Militants raided the factory near the southern town of Jaar Sunday and left it open for local residents, who began looting the building a day later when the blasts happened, apparently ignited by someone who dropped a cigarette. Women and children were among those killed.

The Yemeni government has said al-Qaida is responsible for the disaster, accusing the group of laying a "trap" for the looters.

The Yemeni opposition also listed a series of demands Wednesday, including the ouster of Mr. Saleh and the formation of a five-member presidential council to lead the country for a six-month transitional period.

The opposition also called for the dissolving of Yemeni sate security forces and the closure of the information ministry.

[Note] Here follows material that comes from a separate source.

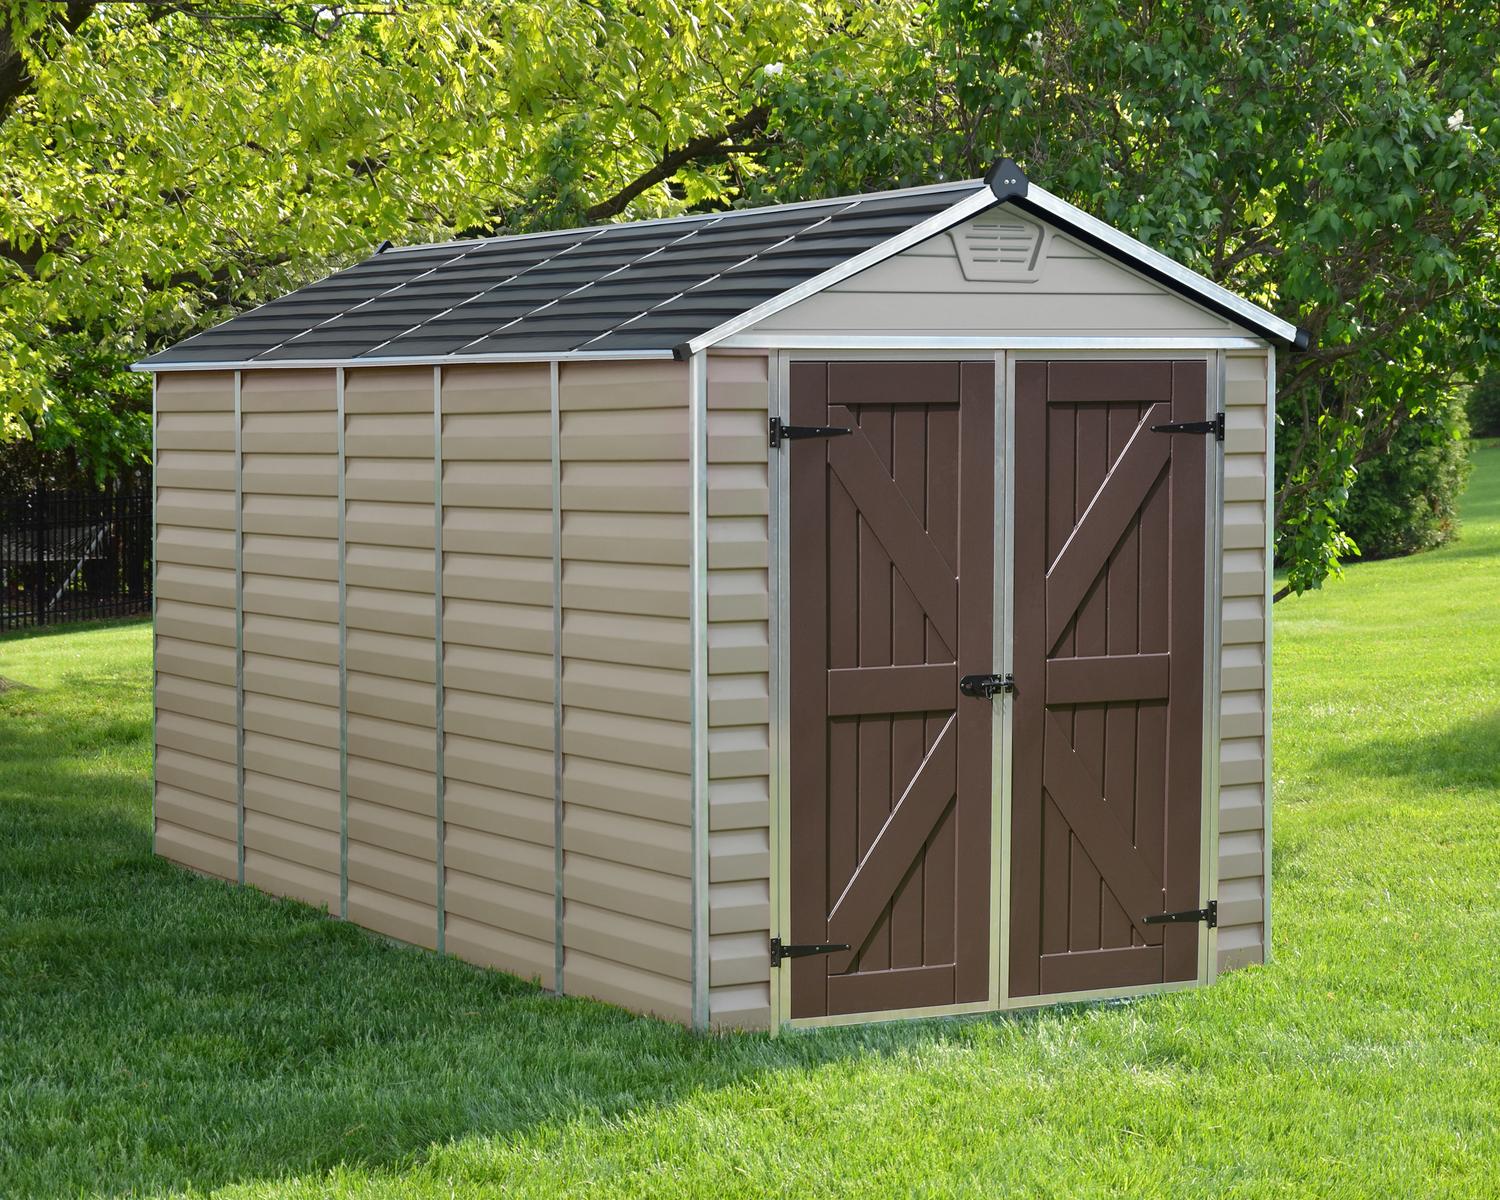 Skylight 6 ft. x 12 ft. Large Garden Storage Shed Plastic with Tan Polycarbonate Walls & Aluminium Frame

President Saleh has offered to hand over power after new elections are held, possibly before the end of his current term in 2013. The opposition has dismissed his offers as political maneuvering.

Western and Arabic news agencies quote sources in Yemen as saying Mr. Saleh is proposing a new solution to the crisis in which he would stay in office but transfer powers to a caretaker government chaired by the opposition until elections are held.

Some information for this report was provided by AP, Bloomberg and Reuters.